Anyway, here we are Internet. Face to face, screen to screen, heart to heart. What has been going on with you lately? Anything good? Tell me about it in the comments. I don’t have interesting things to say, because you don’t want to hear about all the work I’ve been doing. Like the 7 1/2 hours I spent working on an inquiry project. You know, a project where I come up with a research question, do the research, compile it into quantitative data, bind it all together, but then don’t actually write any sort of research paper. At all. That was a fun Sunday morning/afternoon my friends.
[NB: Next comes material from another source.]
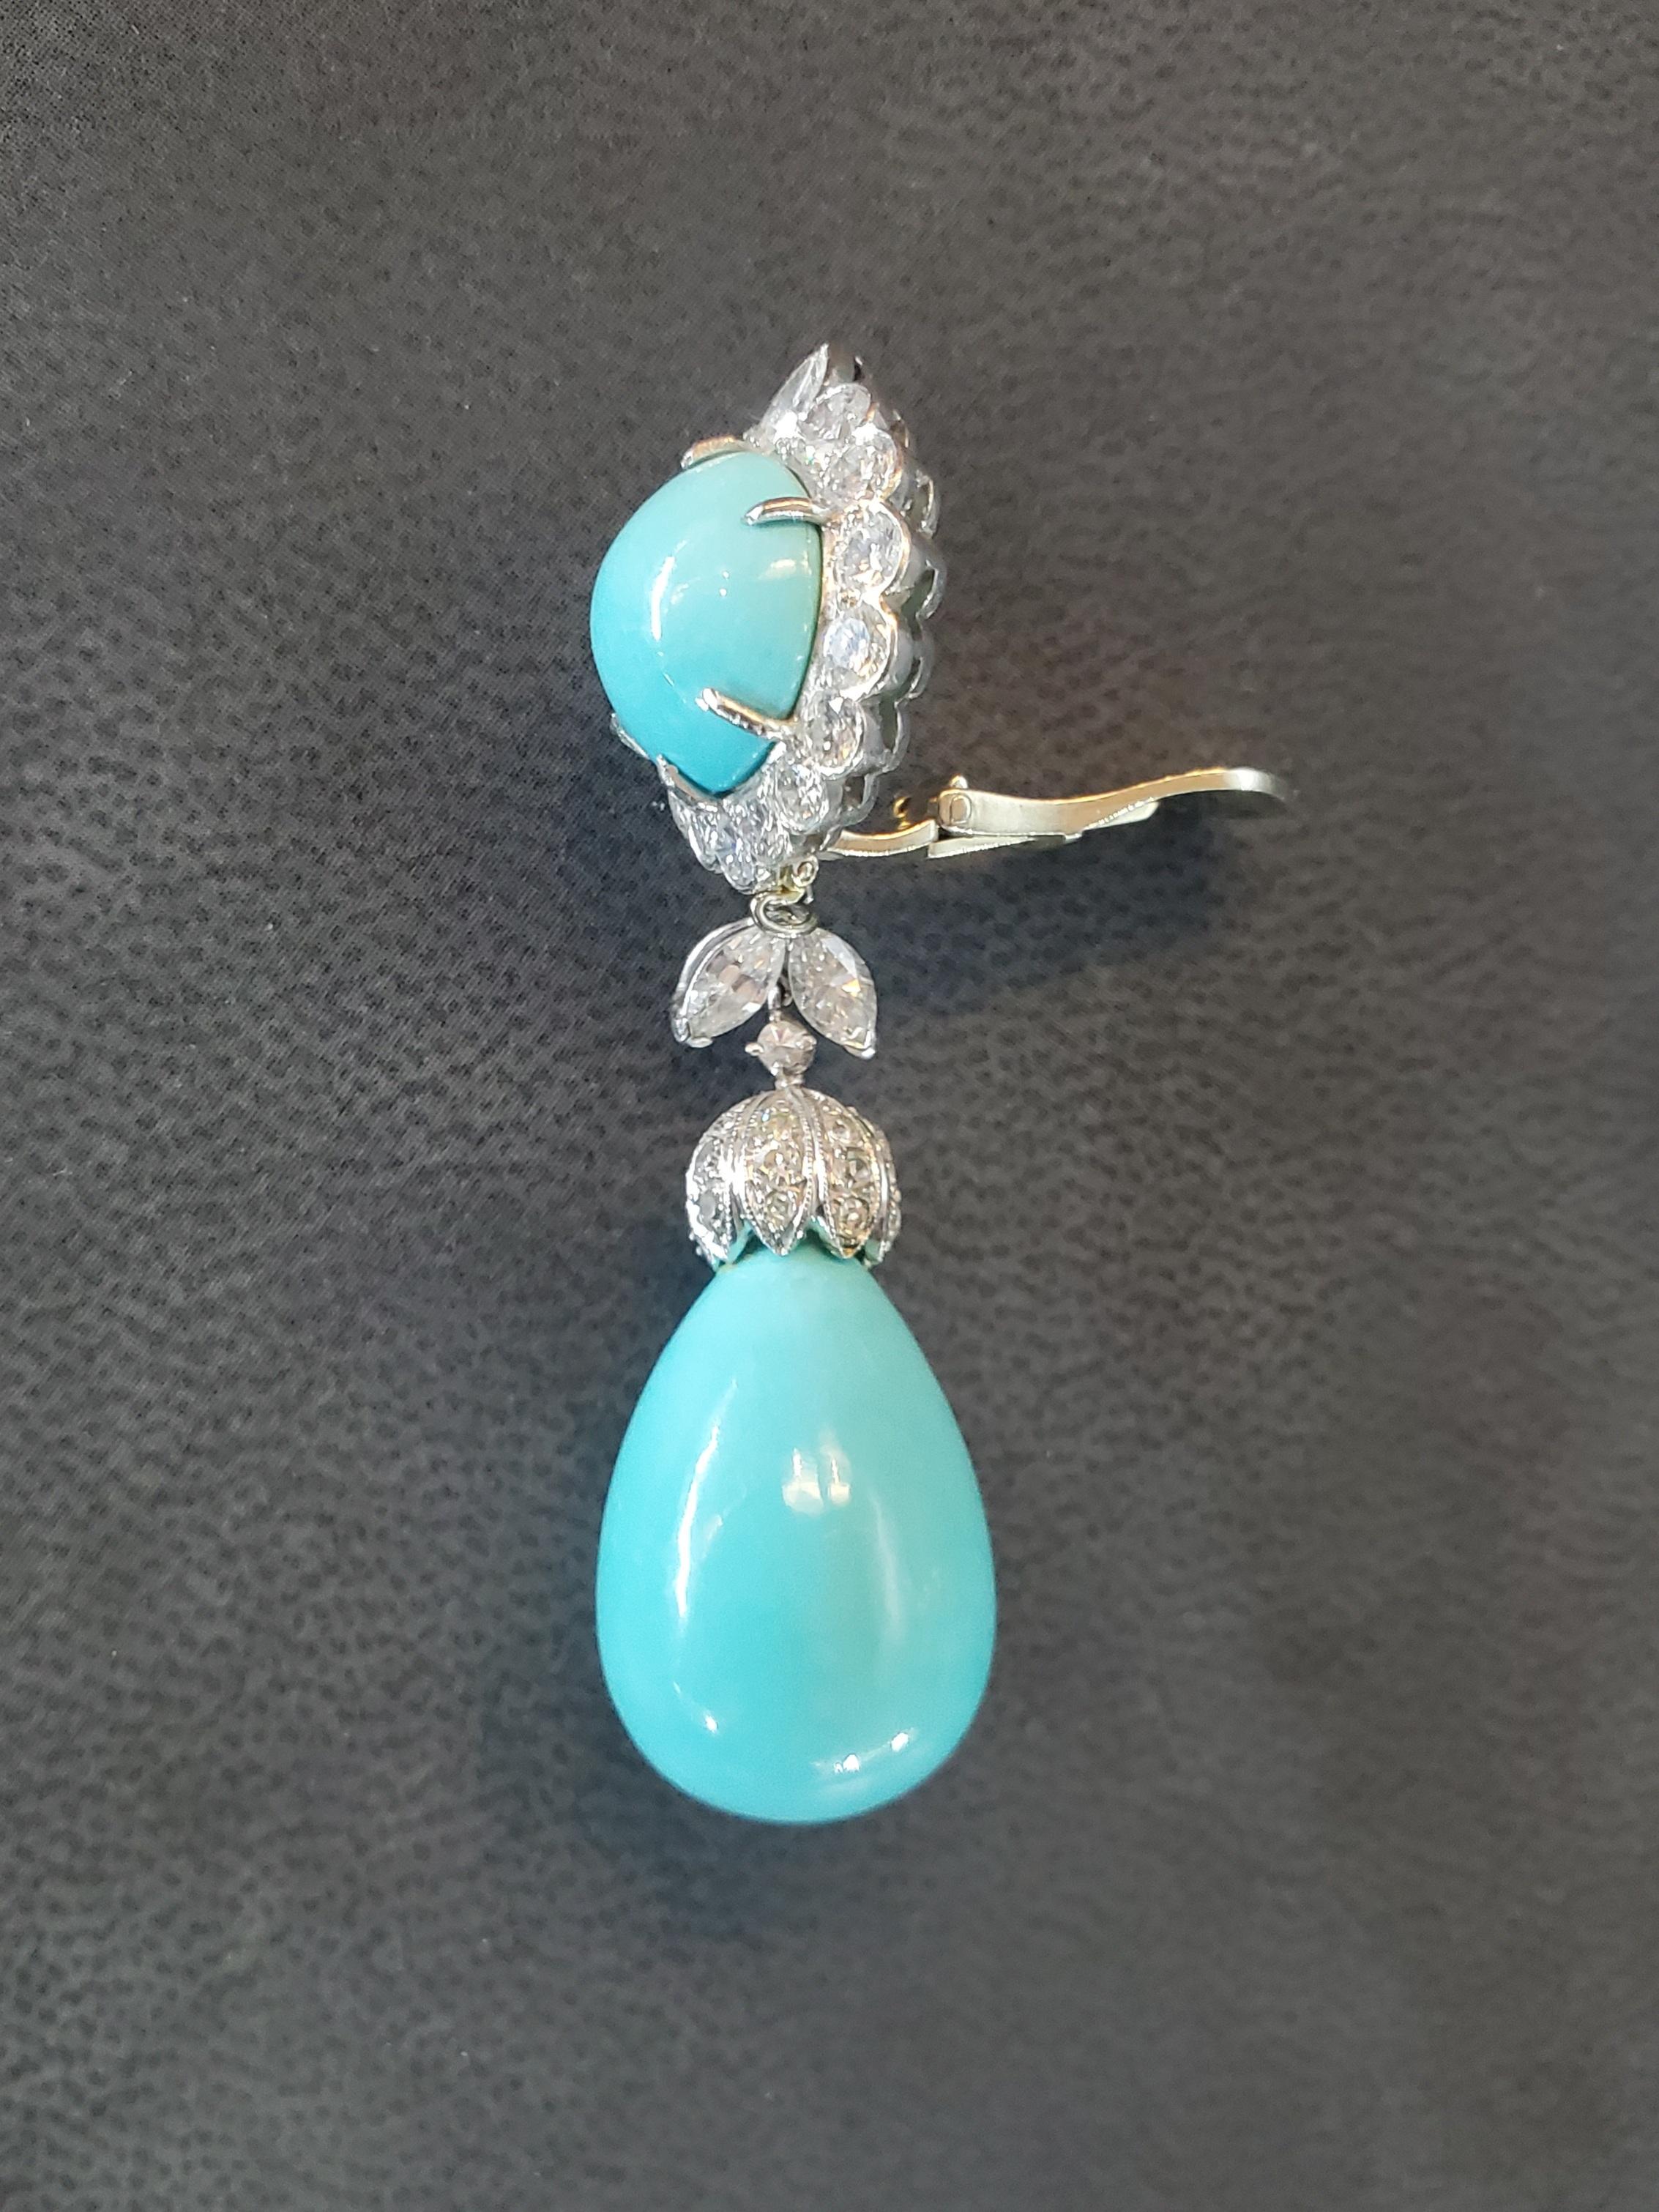 Iconic Van Cleef & Arpels Turquoise & Diamond 'Day and Night' Earrings 6

I suppose there are *some* things I could tell you. I could tell you about the fact that my roommate takes 3-4 hour naps on an almost daily basis, forcing me to be quiet. OR I could tell you about the time our power went out, and now the overhead lights in our room don’t work, so every time we go to turn on the light switch it is like a mean practical joke the building is playing with us. Speaking of our building, I could tell you about how some moron decided to run the heat in this non-air conditioned building, forcing us to turn our window fans on high, which only pushes around hot air!
Or, I could stop complaining and tell you about things that make me smile:
Iced coffees from Dunkin.
Finding new T.V. shows to get addicted to.
Watching episodes of old T.V. shows and realize I love them more than I ever have.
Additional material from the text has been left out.